• _Provided material_
*** Block opens ***
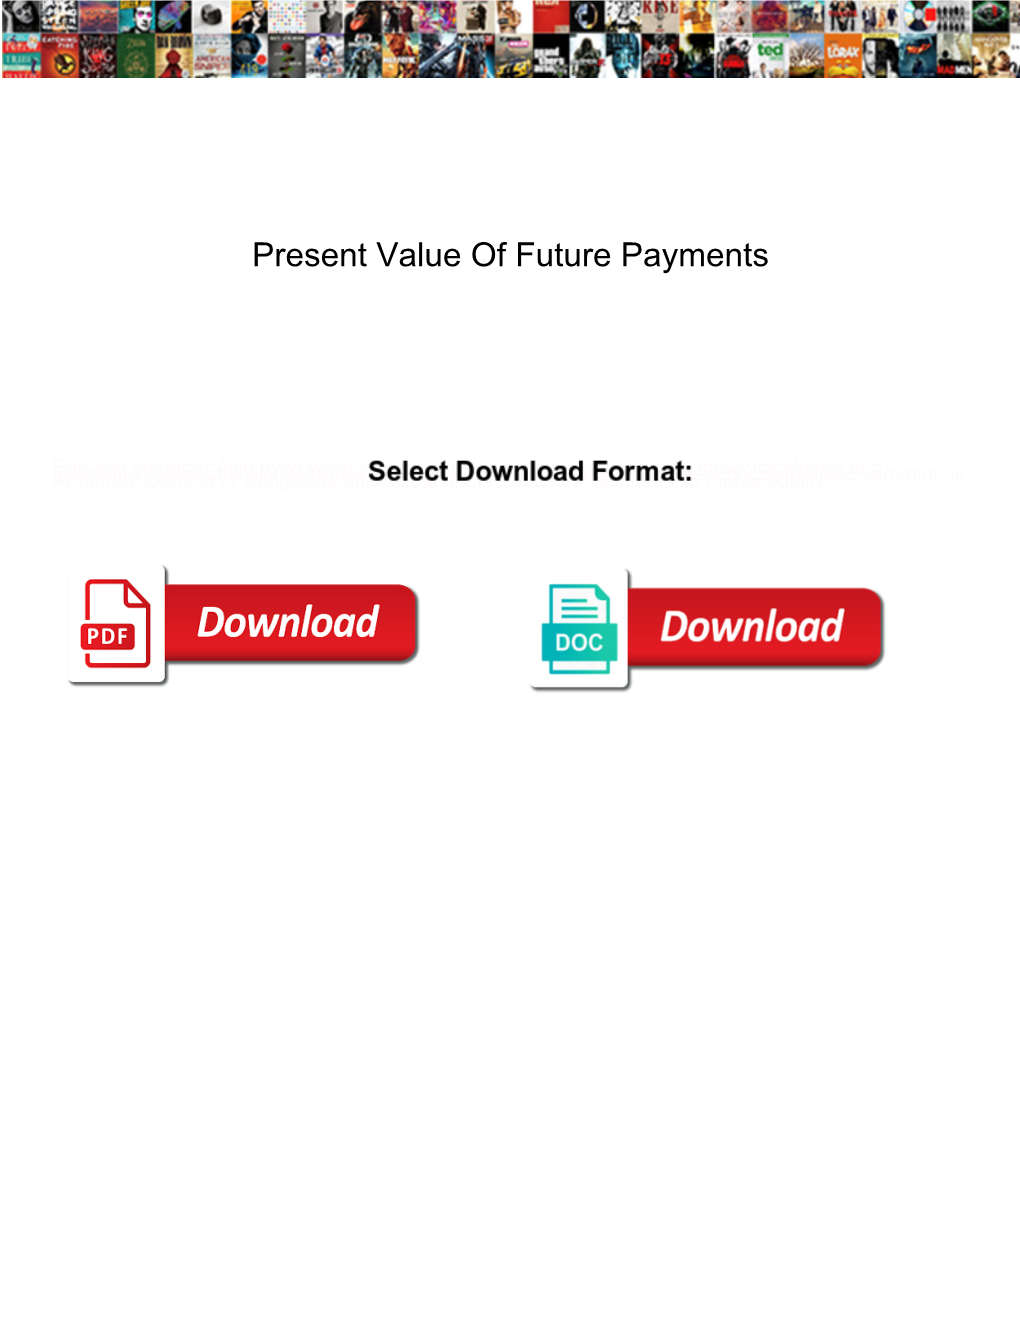 Present Value of Future Payments
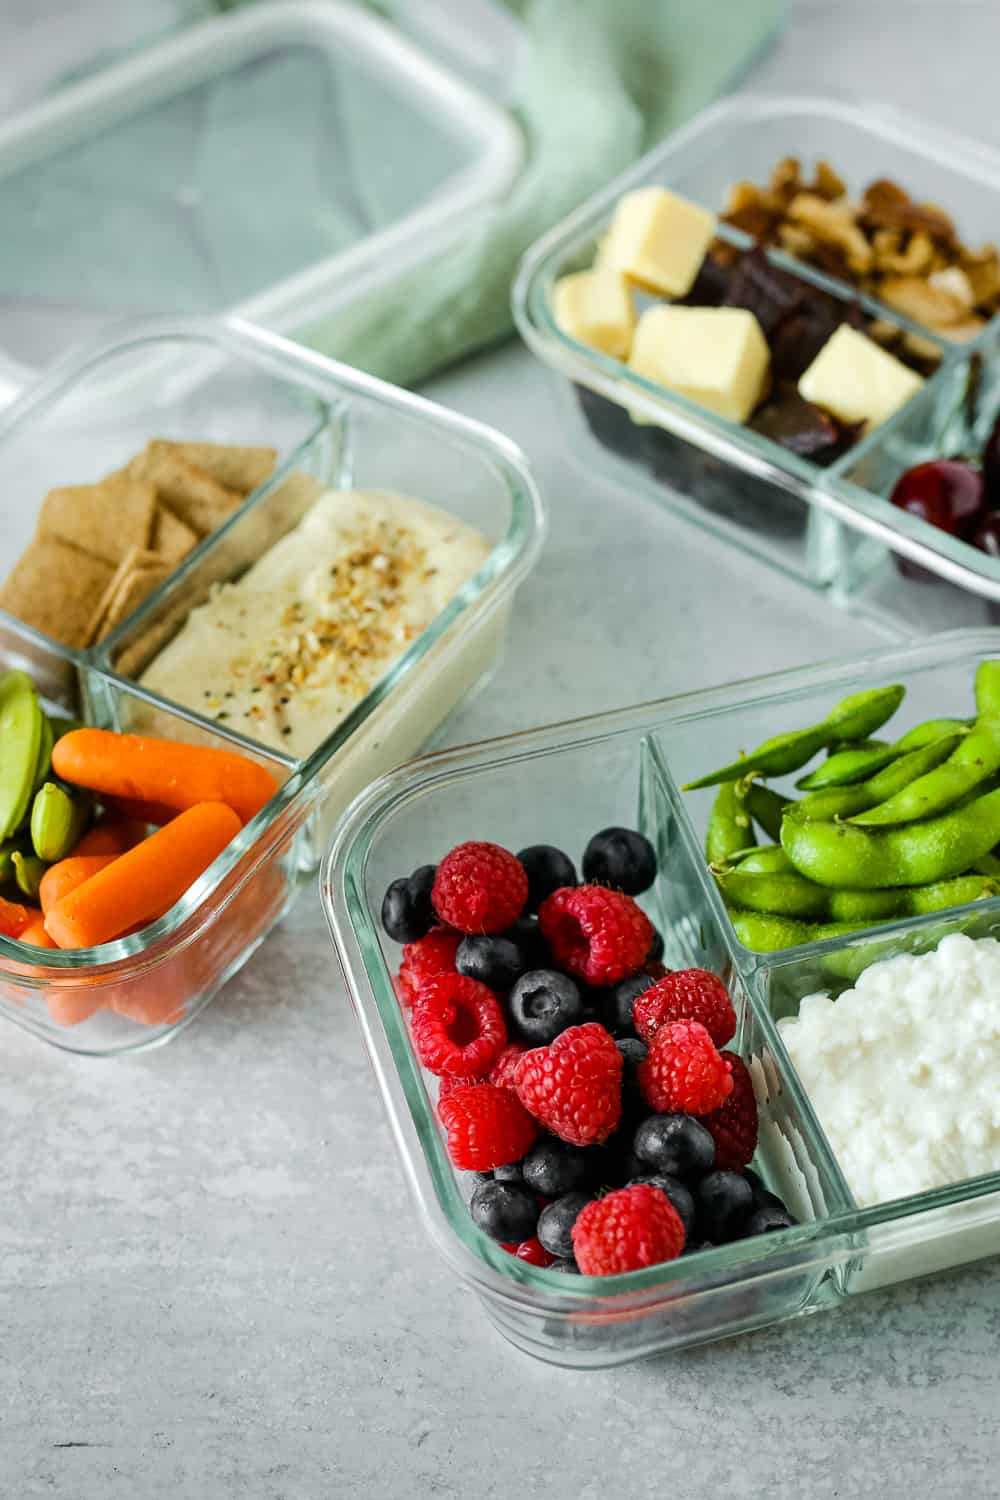 Feature image of snack meals in storage containers with lids
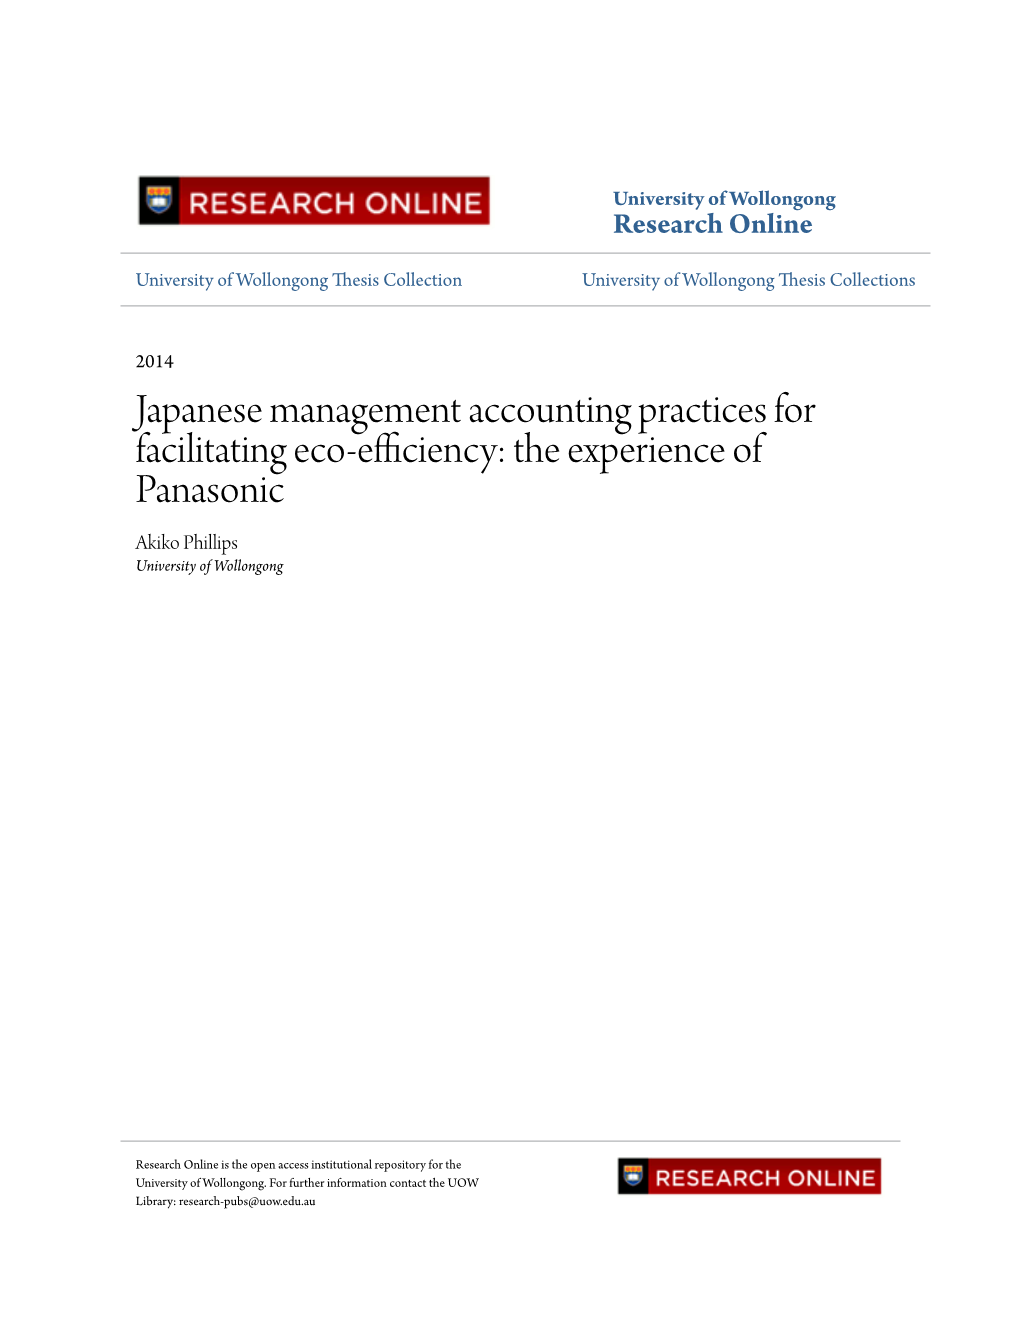 Japanese Management Accounting Practices for Facilitating Eco-Efficiency: the Experience of Panasonic Akiko Phillips University of Wollongong
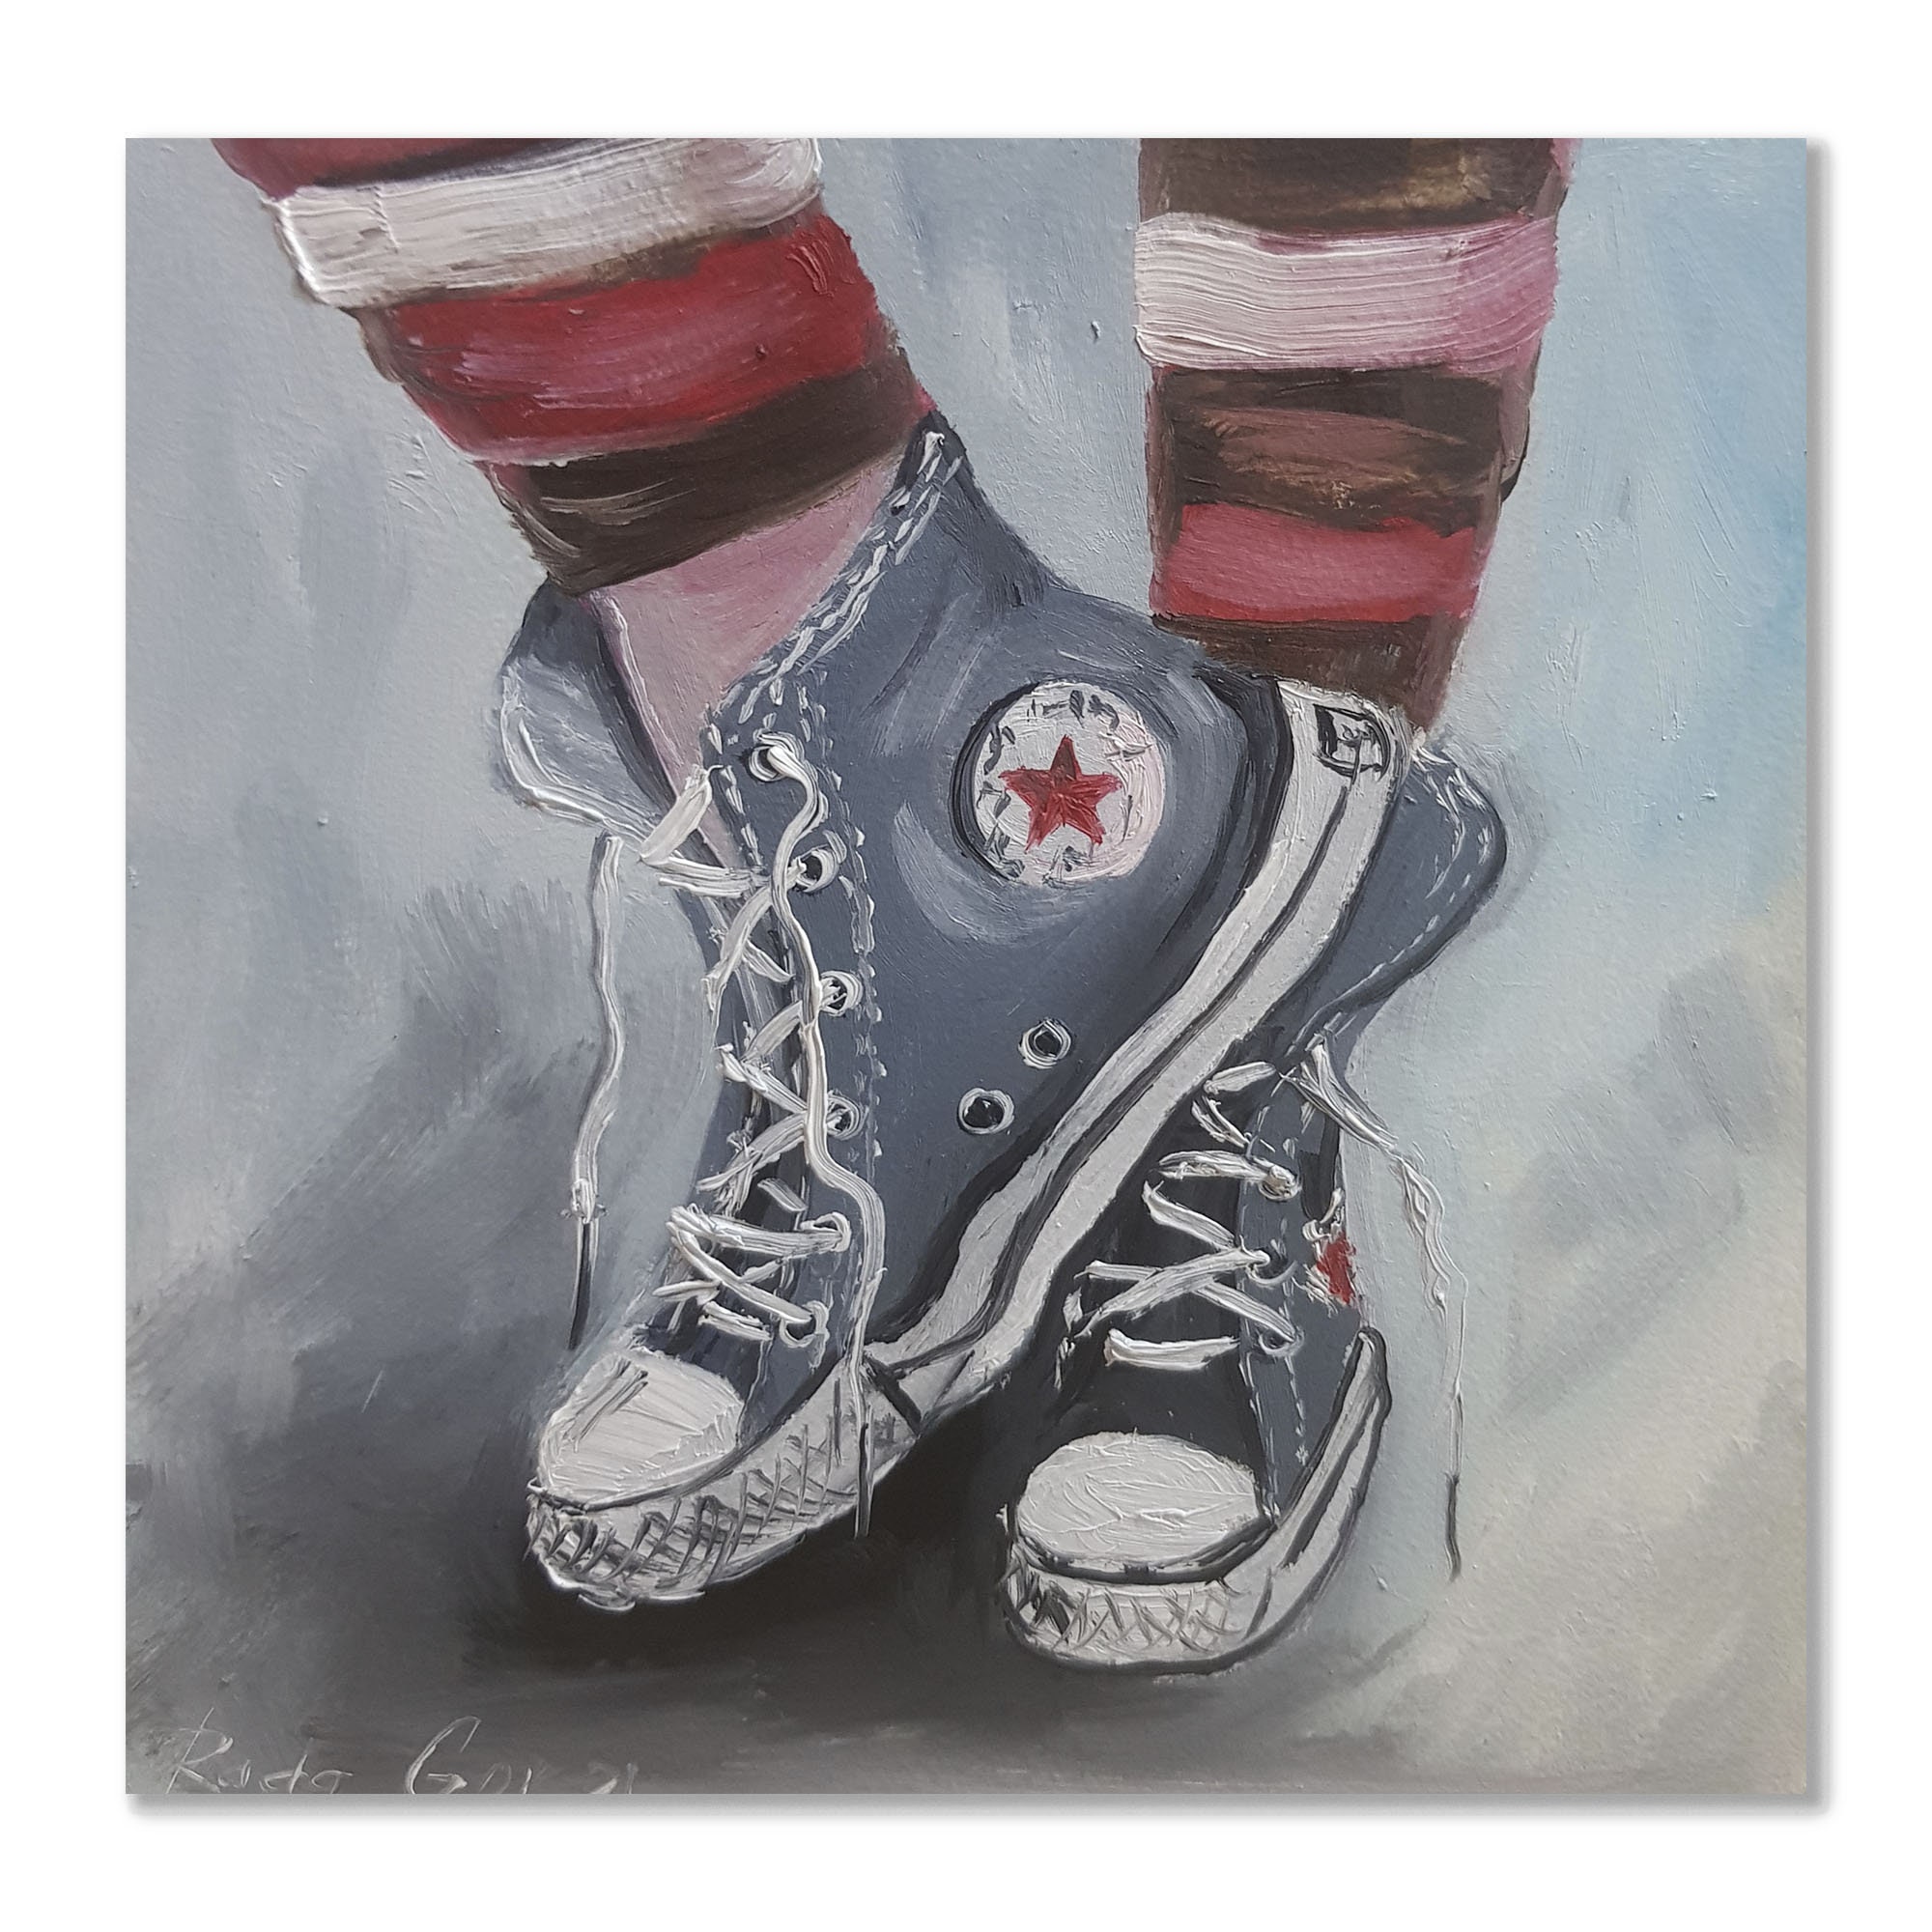 Converse Painting pic
*** Block closes ***
• _Task instructions_
For every line above, produce an exact transcription that omits the images.

• _Solution_
 Present Value of Future Payments
 Feature image of snack meals in storage containers with lids
 Japanese Management Accounting Practices for Facilitating Eco-Efficiency: the Experience of Panasonic Akiko Phillips University of Wollongong
 Converse Painting pic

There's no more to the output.